In order to find run-specific SSEs, GATK BQSR typically assumes that the sample contains neither mis-mapped/mis-aligned reads nor variants (except at the bases defined by dbSNP). Since many rare variants are not in dbSNP and some SSEs might be in dbSNP 
, BQSR will count many rare variants as SSEs and may miss some SSEs that are included in dbSNP (see ), resulting in a bias against variants not in dbSNP. This problem is compounded for the many non-human species for which comprehensive SNP databases are not available, so many real variants will be counted as SSEs for these species. For RNA-seq, recalibrating based on dbSNP will also be biased against detecting any possible RNA editing that occurs at non-dbSNP locations. For DNA and RNA sequencing, certain motifs that are highly mutable (e.g., CpG dinucleotides) are likely to receive lower recalibrated quality scores due to incomplete dbSNP databases, resulting in variant bases receiving lower weight in the precise locations where real variants are more likely to be found. In addition, mapping errors due to closely related sequences or complex variants could cause both false positive SSEs when accurately sequenced bases are incorrectly mapped to mismatching bases, as well as false negative SSEs when inaccurately sequenced bases are incorrectly mapped to matching bases.
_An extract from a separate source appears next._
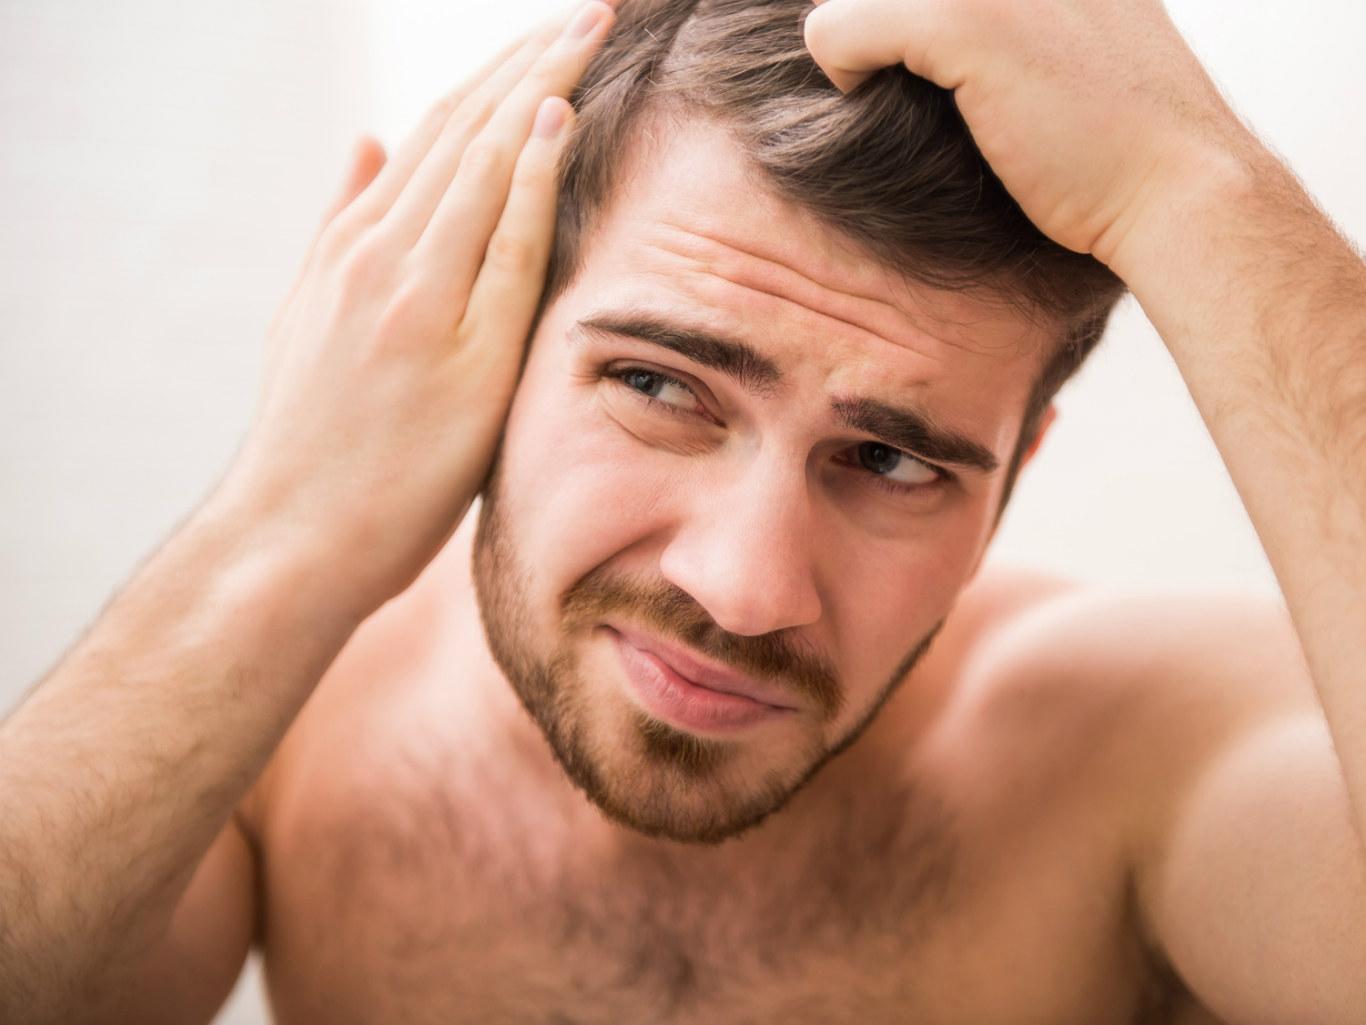 Облысение у мужчин – причины и лечение, средства от облысения

A few previous methods have used external spike-ins to calibrate base or variant calls. The Ibis base caller for Illumina uses the PhiX spike-in provided by Illumina to achieve more accurate base calls and quality scores by correcting machine cycle biases 
. This method has the advantage of using the raw fluorescent intensity values in its base calling method, but the small size of the PhiX genome (≈5 kb) limits the number of covariates that can be calibrated. Another approach used short 1–2 kb external spike-in plasmids with known indels to both recalibrate quality scores and tune their parameters for detecting rare indels in large cohorts 
. Their algorithm, called SPLINTER, used the base and the two previous bases to calibrate error rates, but they did not investigate whether the length of their short plasmids was sufficient for statistically robust calibration.
Here, we set out to test whether synthetic spike-in DNA or RNA standards with well-characterized sequence purities can be used in the GATK BQSR framework to improve detection and correction of SSEs in any sample without the need for a comprehensive and accurate SNP database.